One “night”, we went camping at Unstad. Unstad is probably the most famous surfing spot in Lofoten. And it’s not only famous, but beautiful too. Usually, shooting inside our yellow tent results in erratic white balance. The tiny tough guy performed exceptionally well at this and got the colours right using Auto White Balance.
On the bottom line, the TG-4 is a lot more than a camera to take to the beach and shoot thongs underwater. It’s a great addition to any outdoor photographer’s gear. With just a bit of attention one can create photos ready to be used in ad campaigns or magazine covers. Of course, it has it’s limits, the most important being the small sensor (read high noise on anything above 400 ISO) but, after all, it’s a compact camera. Don’t ask from it what a DSLR can do. But, it fits in your pocket (even a small one), it has more than decent image quality, it can withstand pretty severe shocks, it can be submerged in 15 m deep water, it has some cool accessories, it’s light, it has a fast lens and you can look a fly right in its eyes via the microscope mode.

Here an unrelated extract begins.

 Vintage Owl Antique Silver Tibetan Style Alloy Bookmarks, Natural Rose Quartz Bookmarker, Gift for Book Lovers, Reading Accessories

My conclusion is short: I want a TG-4.
What I liked
- RAW power, baby!
- Fast lens at the wide end
- Live Composite mode
- Auto White Balance accuracy
- Light (less than 250 g)
- 25mm wide angle lens
- Good image quality in good lighting conditions
- Battery life
- Microscope mode
What I did’t like that much
- No manual focus
- No actual charger
- Small sensor size
- No manual mode
- Limited range of apertures
March 13, 2016
Hi there 🙂 I’ve just purchased the TG-4 camera for my hiking expeditions and wanted to ask about the way that you’ve edited your RAW photos. I’m pretty inexperienced when it comes to photography but I was wondering how you achieved the crisp detail and amazing colour palate? I Adobe Lightroom necessary in order to achieve this? Brilliant blog post by the way – your photos are fantastic!
March 18, 2016
Fran H, thank you for your comment and your nice words.

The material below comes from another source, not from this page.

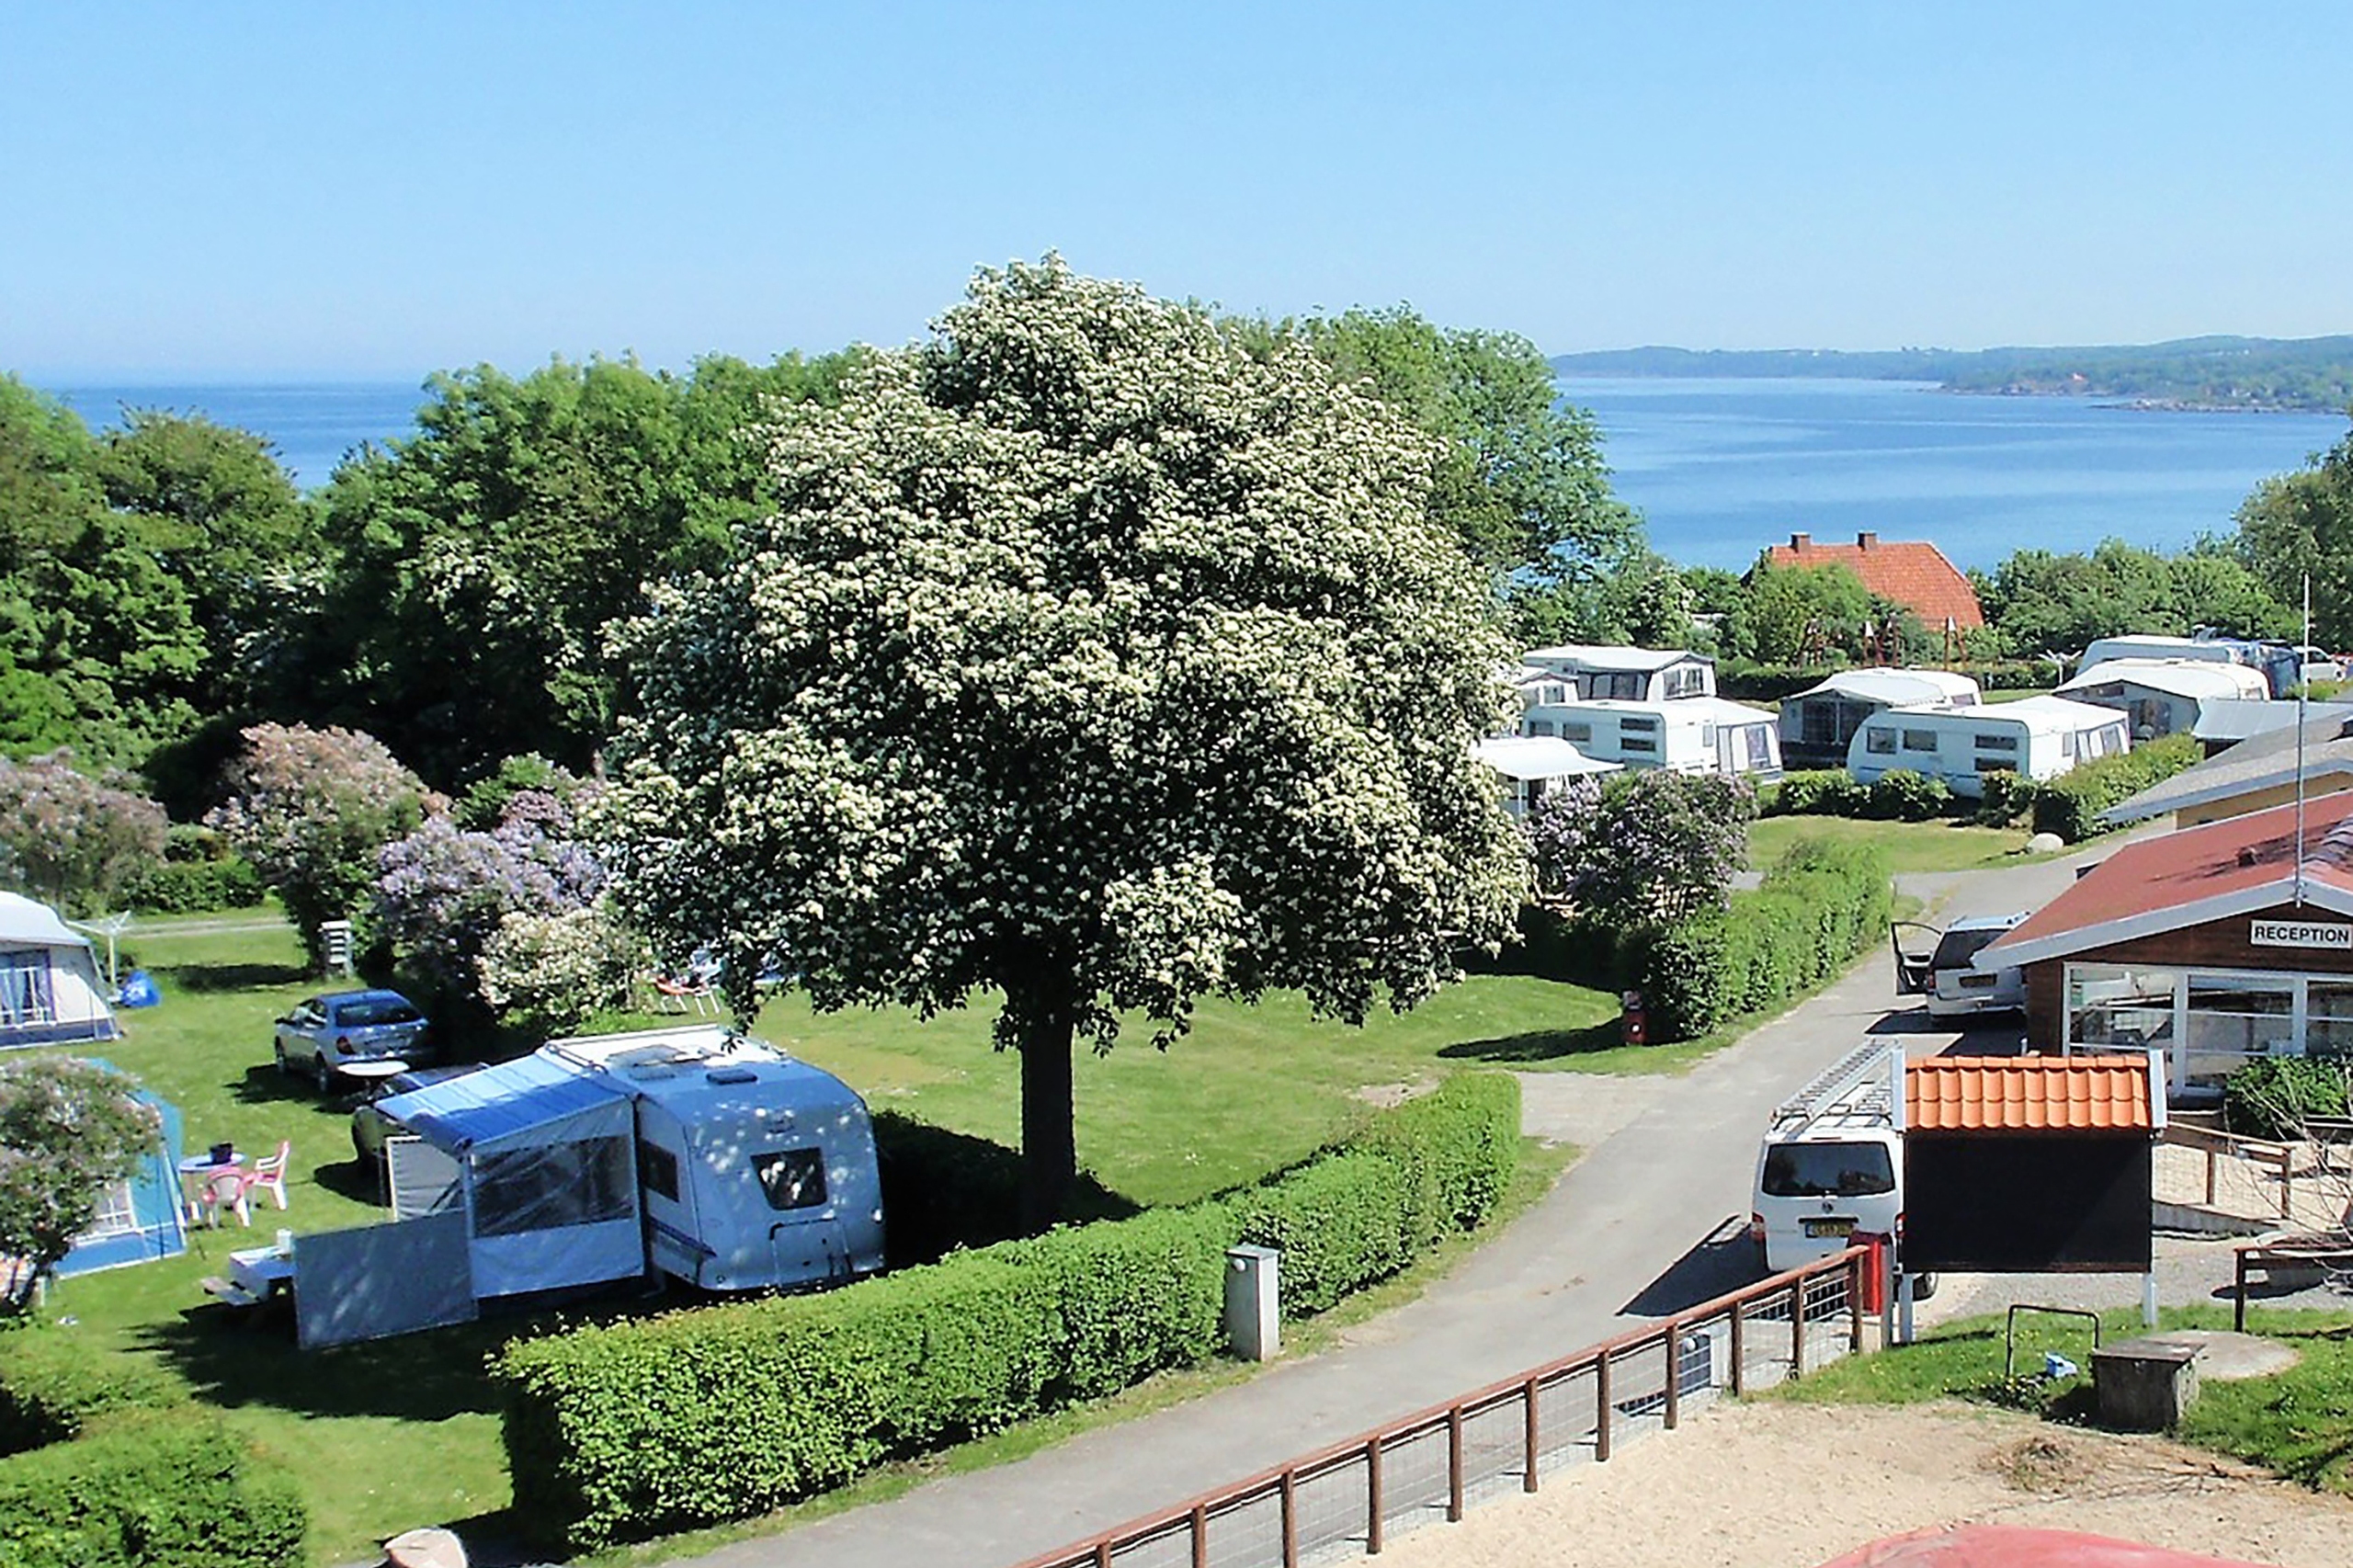 In the fishing village of Allinge there is a particularly beautiful campsite with a fantastic view of the sea.

Indeed, the images were edited in Adobe Lightroom. That’s the main advantage of the TG-4: it gives you RAW power. By shooting RAW and editing the RAW file, you get far better images than when you shoot JPG. There are tons of LR tutorials out there. Take a look at them (lynda.com is a great resource or just search from some LR tutorials on YouTube) and then all you need is practice. Shoot a lot, play a lot with the sliders in LR and your images will change. Have fun with the TG-4; it’s a great camera.
November 04, 2016
Just bought TG4 , how to shoot northern light ???? thank you
November 07, 2016
The best idea for shooting the Northern Lights is to set the camera in Live Composite mode. You should get pretty nice results.
February 05, 2017
Hi Alex! Nice write-up! I have the TG3 & use it underwater, with a housing though. I love this small tough camera!
I also have an EM5ii. How to take LC of Aurora? Im going Iceland in 3 days! Read your article for shooting aurora also. Great shots there! (Y)
February 05, 2017
Thanks, Evie! You will get nice results with the EM5 Mark II. I used one for Northern Lights photography two years ago, and I was pretty happy with the results. You can use the LC as long as the Aurora is not to active. If you have lots of movement in the curtains of the Northern Lights, you will lose all the beautiful structures. So, go for LC in Aurora photography only if you have static Northern Lights. Otherwise, just use manual mode. Enjoy Iceland!
February 05, 2017
Ok Alex. Thank you for the tip. Am still trying to figure out how to expose for the first shot for LC. Never tried this before.
Ive also checked-out your posts in TWAN. Outstanding!!!!
June 11, 2017
If you shop around on the internet you can get a charger and extra batteries that allows you to charge the batteries externally. I got a charger and 3 batteries forabout $60.